В п. 8 Постановления Пленума ВАС РФ от 16 мая 2014 г. N 28 указано: "По общему правилу контрагенты вправе полагаться на неограниченные полномочия директора, за исключением случаев, когда они знали об ограничениях или должны были о них знать, т.е. обстоятельства были таковы, что любое разумное лицо немедленно обнаружило бы превышение директором своих полномочий".

Затем в п. 22 Постановления Пленума ВС РФ от 23 июня 2015 г. N 25 было указано: "По общему правилу закон не устанавливает обязанности лица, не входящего в состав органов юридического лица и не являющегося его учредителем или участником (далее в этом пункте - третье лицо), по проверке учредительного документа юридического лица с целью выявления ограничений или разграничения полномочий единоличного исполнительного органа юридического лица или нескольких единоличных исполнительных органов, действующих независимо друг от друга либо совместно... Третьи лица, полагающиеся на данные ЕГРЮЛ о лицах, уполномоченных выступать от имени юридического лица, по общему правилу вправе исходить из неограниченности этих полномочий". В том же пункте зафиксировано, что для аннуляции сделки по правилам п. 1 ст. 174 ГК РФ должно быть доказано, что контрагент заведомо (т.е. без каких-либо сомнений, со всей очевидностью) должен был знать о соответствующих внутренних ограничениях.

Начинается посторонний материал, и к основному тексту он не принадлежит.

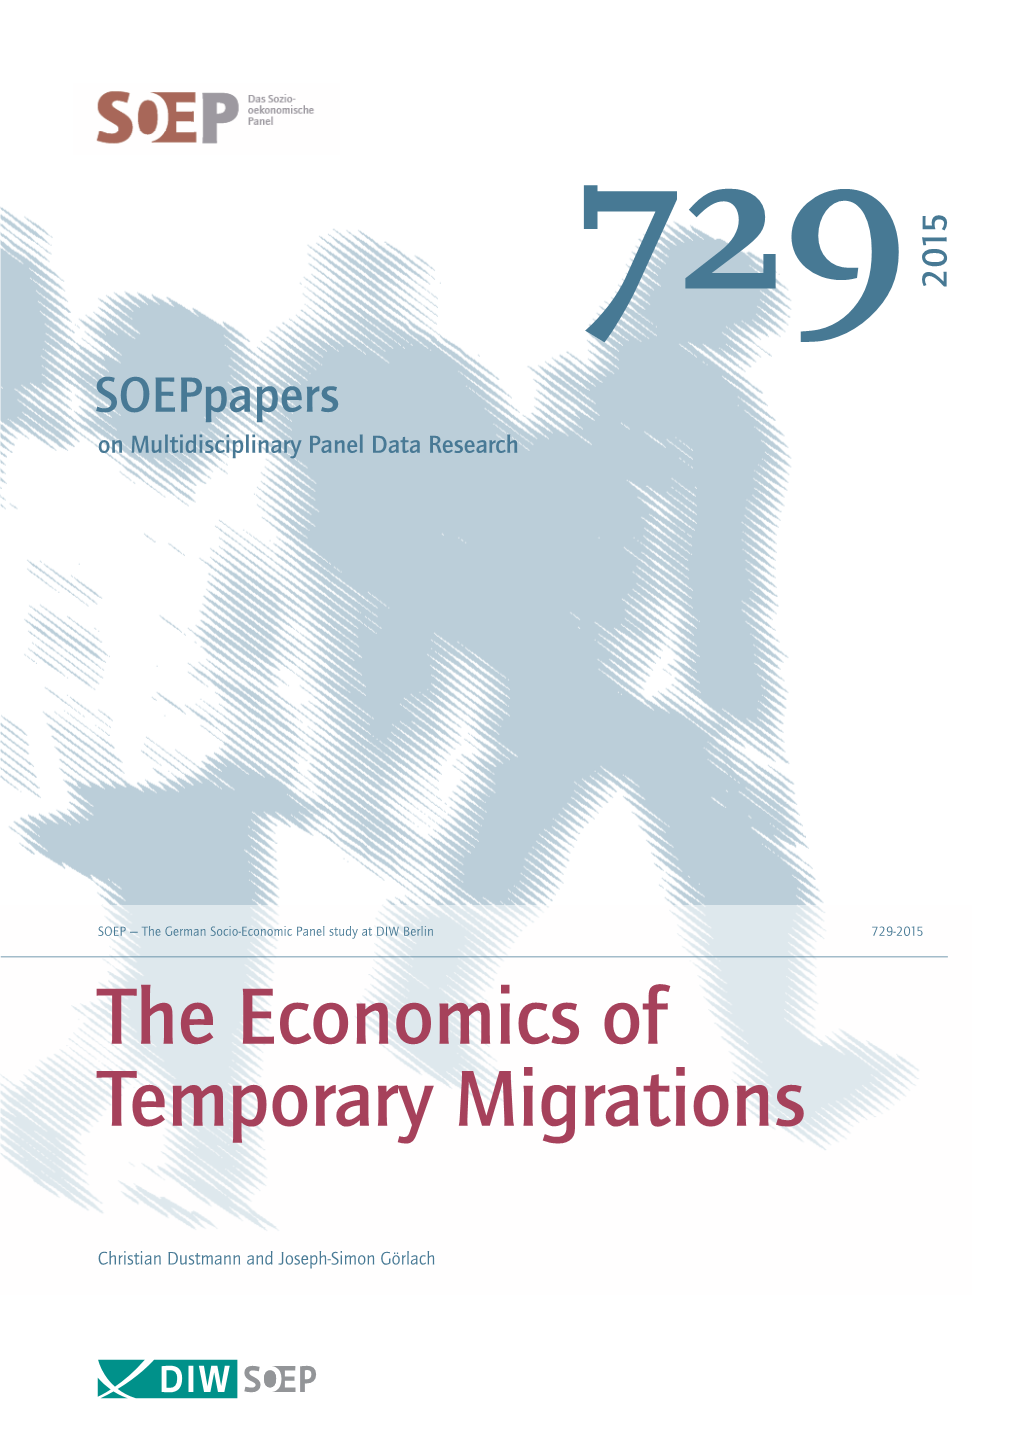 The Economics of Temporary Migrations

Более того, согласно п. 22 Постановления Пленума ВС РФ от 23 июня 2015 г. N 25 "неясности и противоречия в положениях учредительных документов юридического лица об ограничениях полномочий единоличного исполнительного органа толкуются в пользу отсутствия таких ограничений".

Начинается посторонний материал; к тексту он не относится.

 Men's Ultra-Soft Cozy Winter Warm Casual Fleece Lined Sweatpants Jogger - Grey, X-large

По сути, позиция ВС РФ состоит в том, что для признания сделки недействительной и констатации недобросовестной "интервенции" должен быть доказан либо умысел (точное знание о нарушении "внутренних" ограничений), либо грубая неосторожность контрагента. И при этом вменять контрагенту в вину то, что он не изучил устав организации, по мнению Суда, нельзя. Видимо, по логике этого Постановления, такое вменение не должно происходить даже в тех случаях, когда речь идет о значительных и выходящих за рамки обычной хозяйственной деятельности сделках.

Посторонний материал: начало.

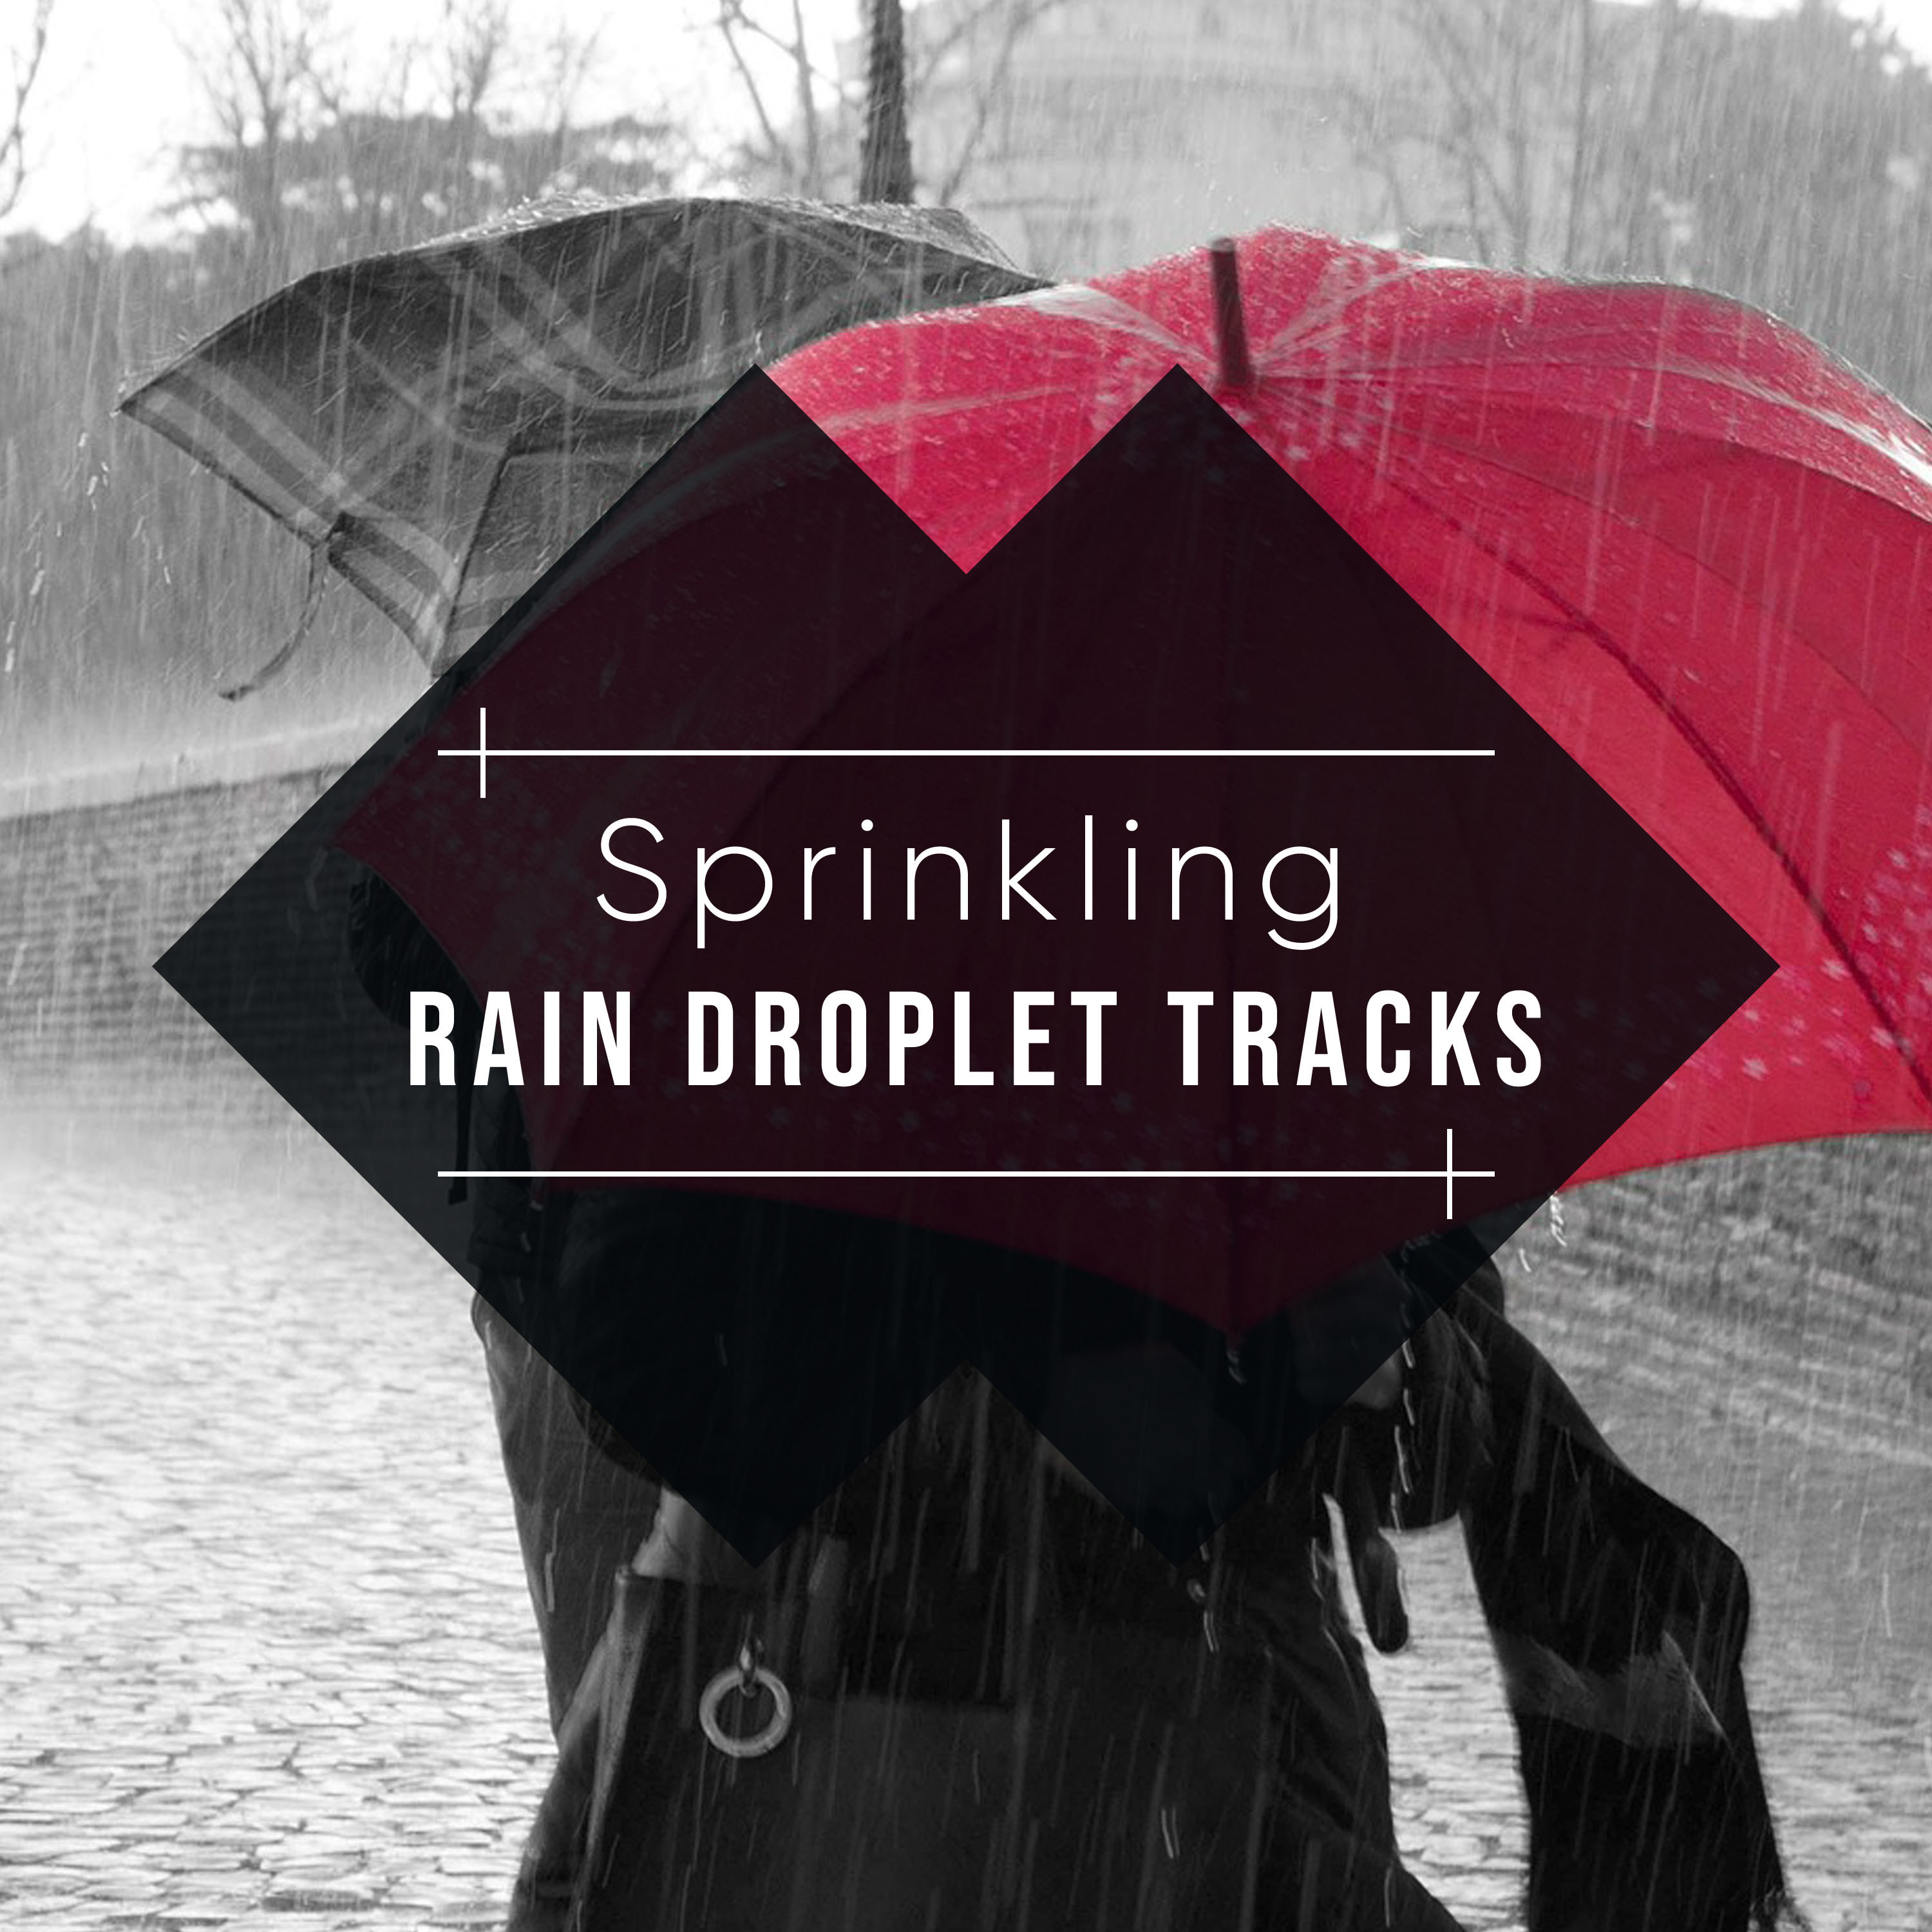 #15 Sprinkling Rain Droplet Tracks

В каких же случаях тогда может встать вопрос о том, что контрагент должен был знать о нарушении "внутренних" ограничений? Видимо, это касается ситуации, когда сделка совершается с лицом, аффилированным с руководством юридического лица или его акционерами (участниками). Также, видимо, факт недобросовестности может быть доказан, если будет установлено, что контрагенту передавался устав или иные внутренние документы, содержащие соответствующие внутренние ограничения, для ознакомления, а одобрения сделки контрагент не запросил.

Такое развитие судебной практики еще более сужает возможности по оспариванию сделки по правилам п. 1 ст. 174 ГК РФ.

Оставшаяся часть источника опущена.